My two days with John, Mercy and their son felt like the holiday part of my trip – it was a highlight! I got to collect water from a borehole, see how maize was milled, and experienced the simplicity of Malawian living, while being completely surrounded by nature. It was wonderful!
Recommendations for future students?
Two weeks in Malawi was really not enough! I wish I had been there for a month. Future students should plan to stay longer, if they can.

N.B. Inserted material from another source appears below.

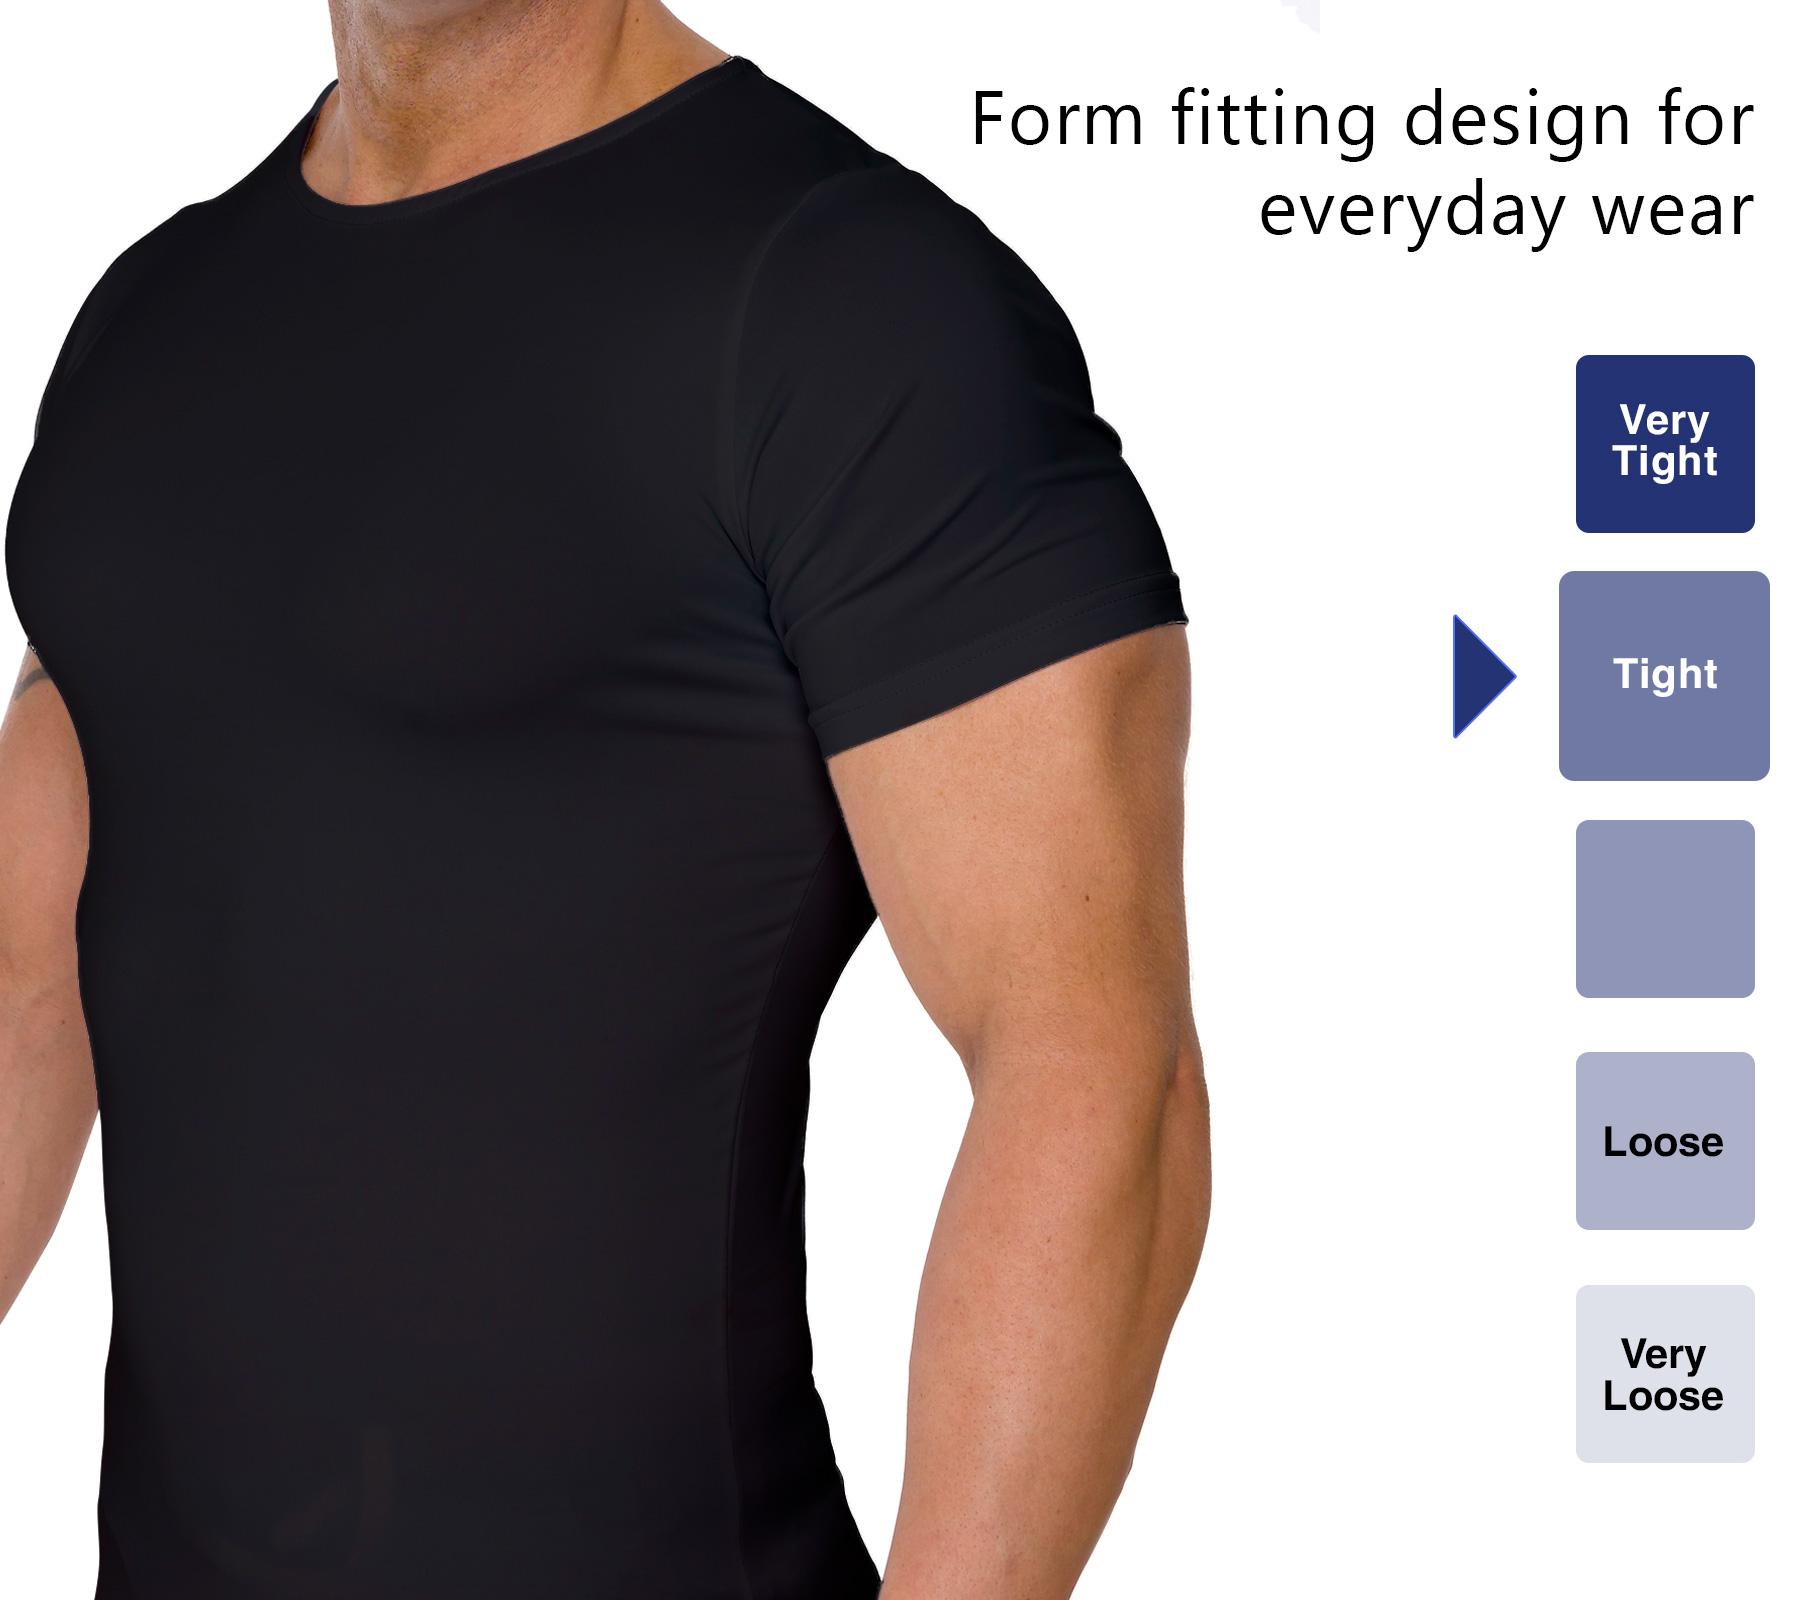 LISH-Men-039-s-Slimming-Compression-Body-Shaper-Gynecomastia-Undershirt thumbnail 9

I strongly recommend that other students do their clinical placements in another country. It was just so nice to see a different side of nursing.
How much did it cost you?
Total cost: R1, 955.00 + R1, 980.00 + R1,780.00 = R5,715.00
Total value of the experience: Priceless!
My stay at the Beit Cure Hospital residence only cost me R1, 315.00 for all the time I was there, and included breakfast and supper each day. I was very impressed with the accommodation: it was lovely and clean, I had a room to myself and lots of space in which to make myself comfortable.
Tracy Ann Castle is a Professional Nurse from the Mitchell’s Plain District Hospital in Cape Town. She has worked for over 20 years in the nursing profession - seven of these as a Professional Nurse and 18 of these with children. She has a passion for working with kids and so it is not surprising that she has chosen to further her nursing training with a postgraduate diploma in children’s nursing. Tracy is currently completing the diploma through the University of Cape Town’s Child Nurse Practice Development Initiative and Department of Nursing and Midwifery.